Na sequência, a caixa era aberta, logo que isso era feito, mais vezes o
“fumegador” era posto em ação, porém agora diretamente sobre as
abelhas, as larvas e todas as demais partes da colmeia. O
objetivo era fazer com que elas não pudessem voar e, novamente, nos
atacar. Não obstante, muitas o faziam, mesmo muito atordoadas e
intoxicadas, a maioria delas acabava por cair no chão, onde agonizavam,
muitas vezes até a morte.
Depois de toda essa agressão de nossa parte, passávamos a
tirar os favos de mel e logo íamos à procura das celas que continham a
geléia real e as larvas que dariam origem às próximas rainhas para que
matássemos a mesmas, impossibilitando a formação de novos enxames e um
possível "enfraquecimento" do atual. Nessa parte,
matávamos muitas abelhas, pois esmagávamos muitas com as nossas mãos e
com os instrumentos usados na etapa em questão, além das que sucumbiam
pela fumaça.
A etapa seguinte era a centrifugação dos favos para a retirada do mel. ela sempre era feita no turno da noite, pois então as abelhas estariam menos agressivas, e assim podíamos nos vestir com roupas “normais” e ficar mais tranquilos quanto às ferroadas. Mesmo tentando retirar todas as abelhas dos favos, muitas ficavam, e eram postas justo no centrifugador, onde, mais uma vez morriam em grande número, fosse por asfixia no próprio mel fosse por esmagamentos nas engrenagens da máquina utilizada.

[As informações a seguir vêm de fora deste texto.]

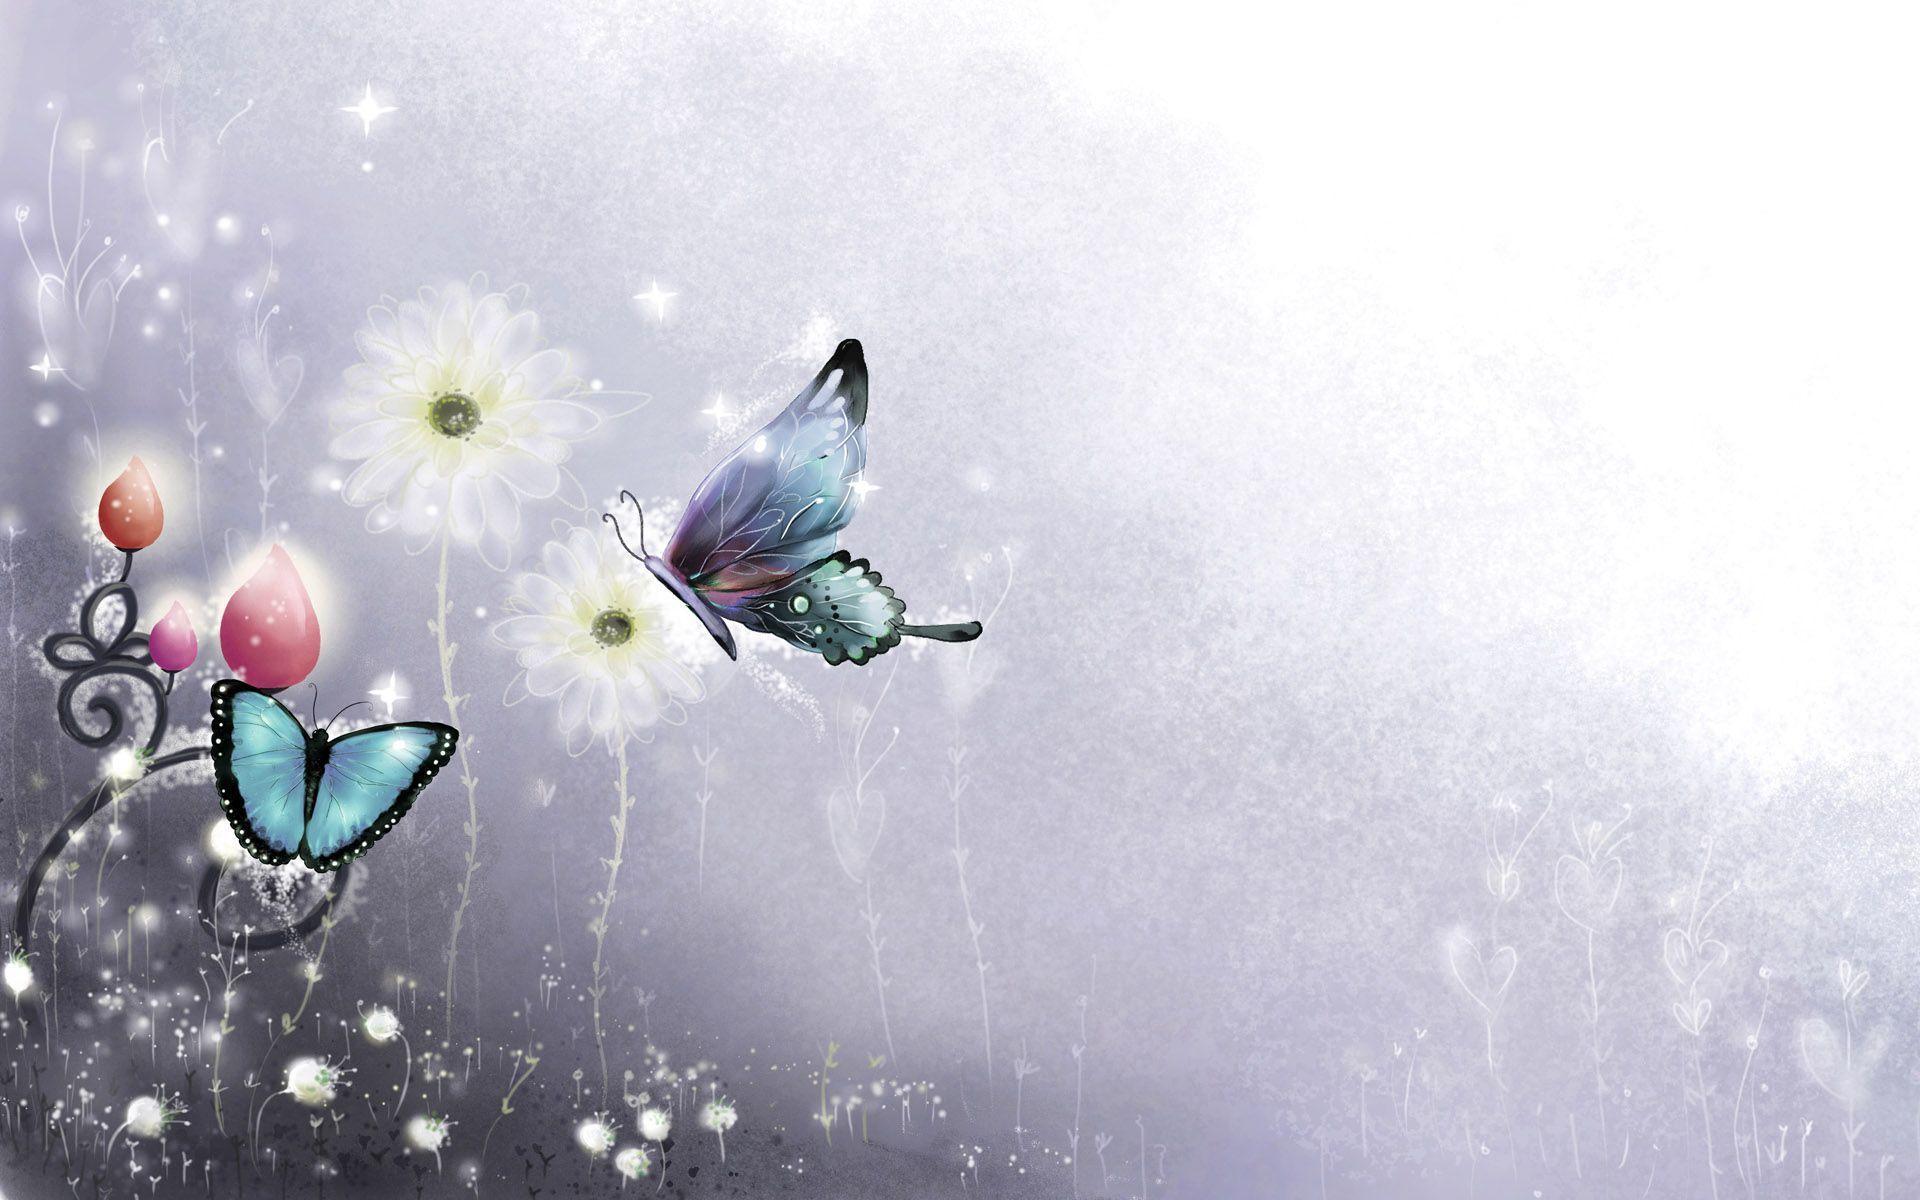 Animation Butterfly Wallpapers - Wallpaper Cave

A extração do mel sempre esteve longe de ser gentil e não
causar morte e sofrimento as abelhas. Deveria mais ser caracterizado
como um roubo, uma vez que a própria palavra “extração”, ou “retirada”,
não tem competência etimológica para designar a falta de valores éticos e
morais, principalmente com as abelhas, que precedem a prática da
apicultura. Sendo ela realizada com finalidade comercial ou para consumo
próprio, em larga ou pequena escala, com ou sem a utilização de
fumegador, etc., partilho da minha experiência para afirmar, que NÃO,
NÃO É UMA PRÁTICA PACÍFICA E HUMANITÁRIA!
Leandro Petry
Ex-apicultor, ex-piscicultor, ex-pecuarista e ex-avicultor
Hoje Vegano
Lajeado, RS, Brasil
Graduando em Geologia - UFRGS
www.facebook.com/leandro.petry.3
*Fotos retiradas da internet com exclusiva finalidade de ilustrar os processos descritos no texto. As imagens não foram fotografadas pelo autor do texto.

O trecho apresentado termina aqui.